Sadly, since the beginning of 2020, she has found herself regressing and her symptoms have been getting worse – which she puts down to the stress of the coronavirus pandemic.

‘Stress can be a real trigger, so the state of the world took its toll on me hugely,’ Kendra said.

Although Sean was incredibly reassuring, Kendra could not help worrying about the implications for their relationship if she was unable to be intimate with him anymore.

So, at the beginning of September, he surprised and delighted her by proposing.

They are still in the early stages of planning their big day, but Kendra and Sean hope to tie the knot in an outdoor ceremony in 2022.

She has also recently resumed doing her stretches and exercises and hopes this means she will be able to consummate her marriage.

She said: ‘Two years gives me plenty of time. I’ve also started to see a therapist to deal with the emotional fallout of all of this.

‘I don’t want a repeat of my first wedding, so I am determined to be able to consummate the marriage this time.

‘Sean and I would also like a child together one day, though we don’t know whether that will be possible. Only time will tell. I’d want to make sure I was healthy, given my age, before we started trying.

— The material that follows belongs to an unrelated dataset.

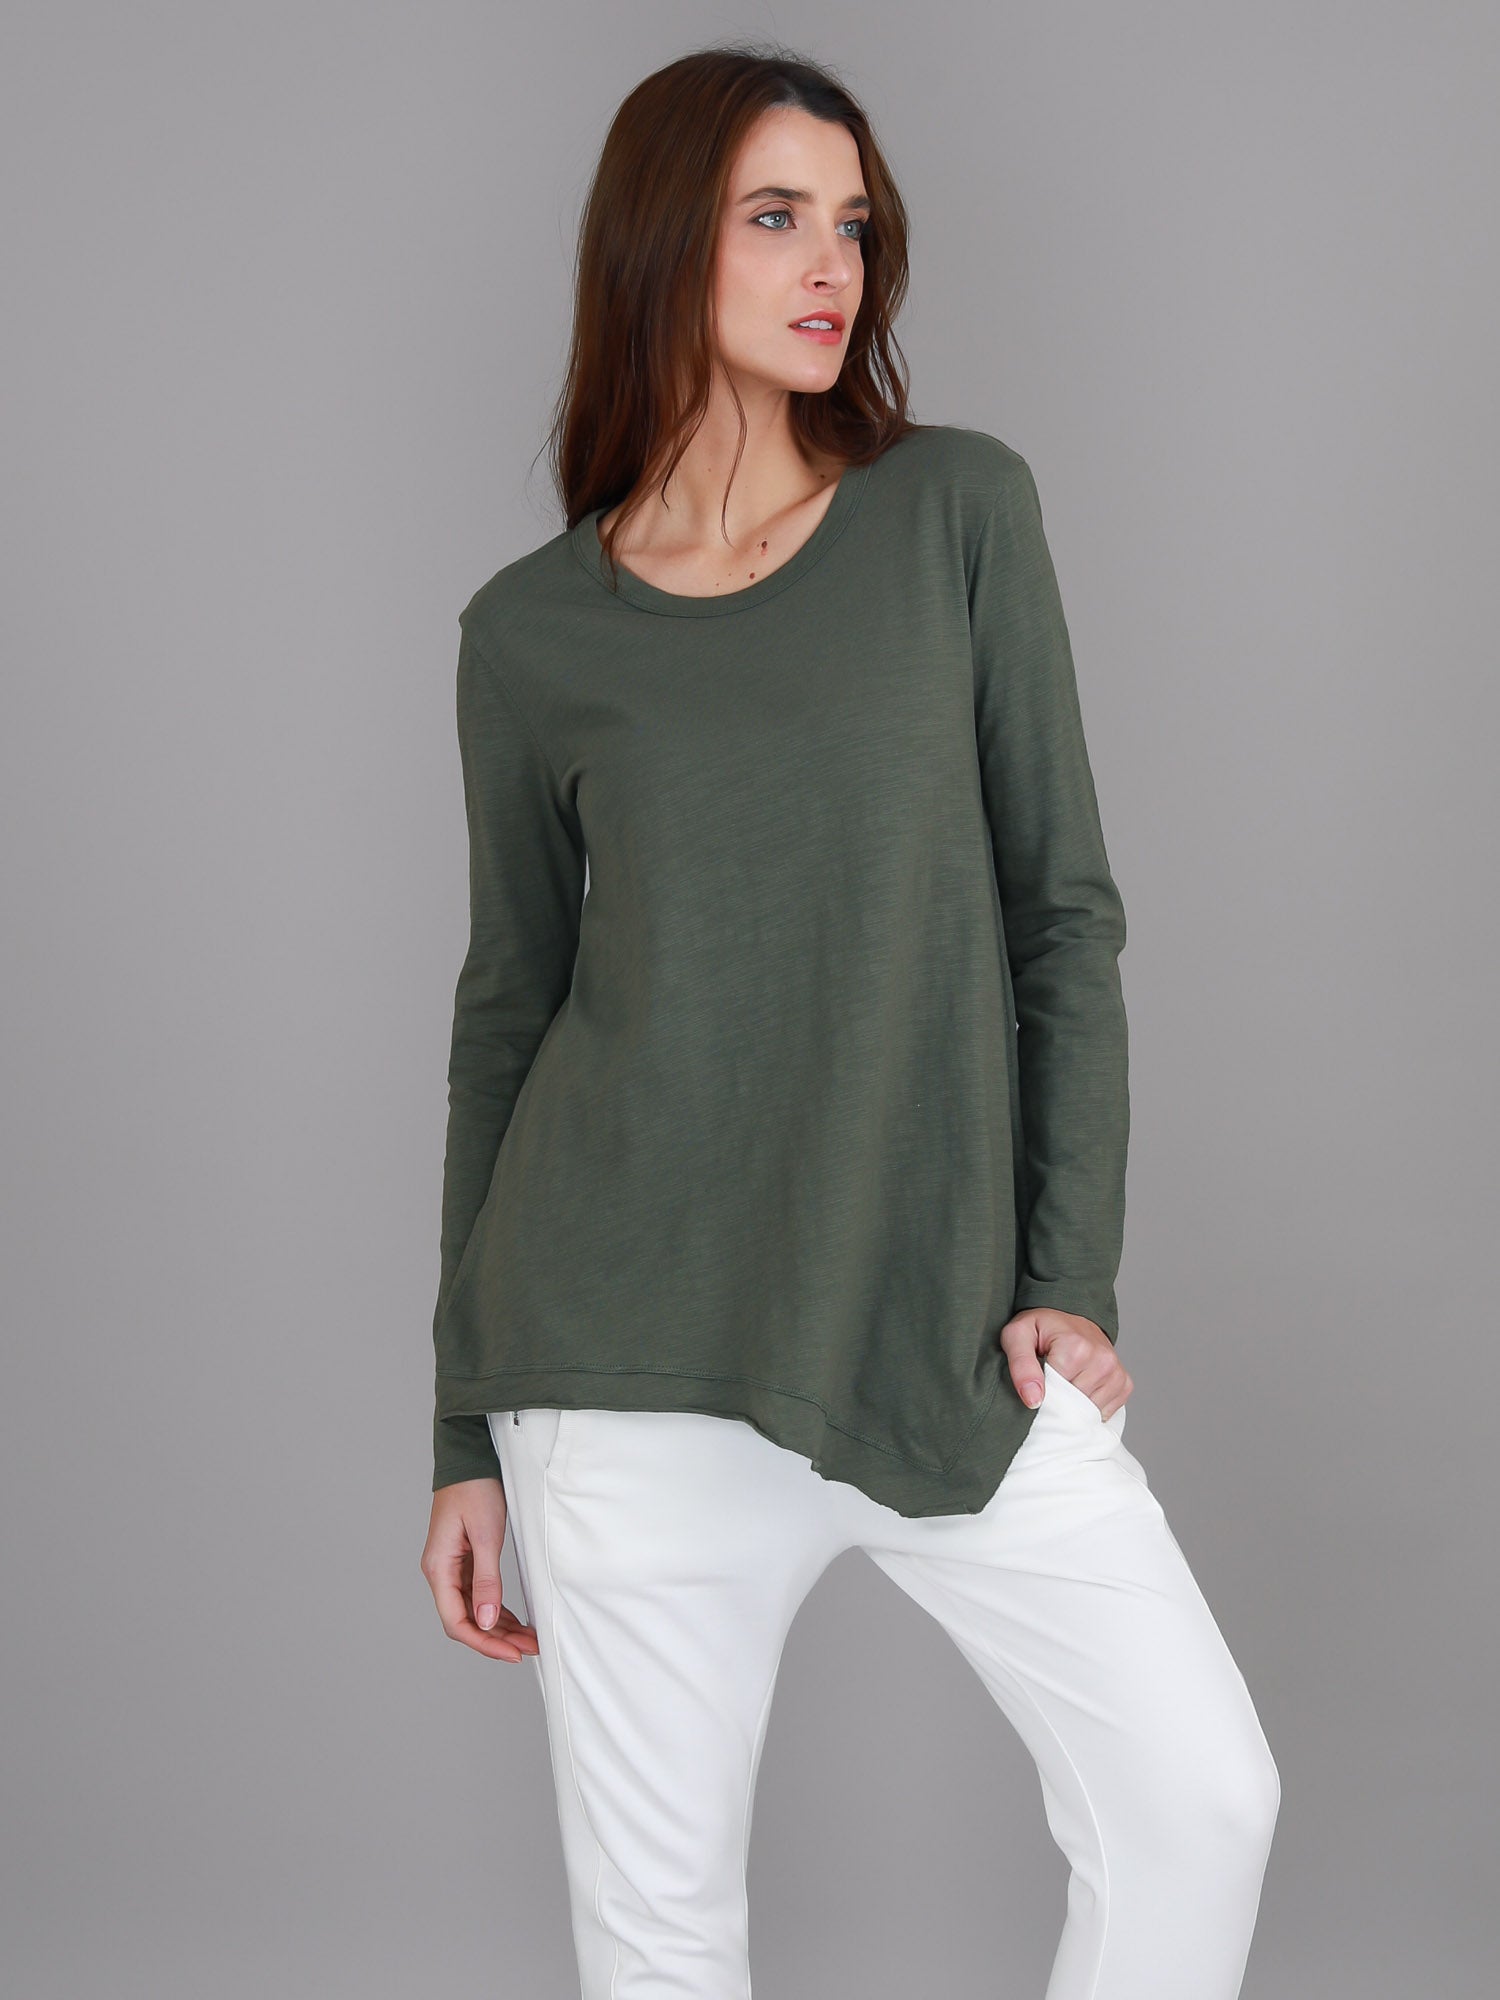 green long sleeve top #color_khaki

‘Still, he proposed to me after everything we’ve been through, so I know he is a keeper.’

Now, Kendra runs a Facebook support group, connecting with women from around the world and helping them to feel less alone.

‘It’s been such a relief to find women who understand vaginismus,’ she said. ‘Lots don’t speak out as they feel so ashamed, but I’m determined to change that.

‘Although I have been struggling recently, I don’t want my story to scare anyone. I want it to be a story of hope.

‘Like any long-term condition, dealing with vaginismus is a process – but the important thing is to keep going and not give up.’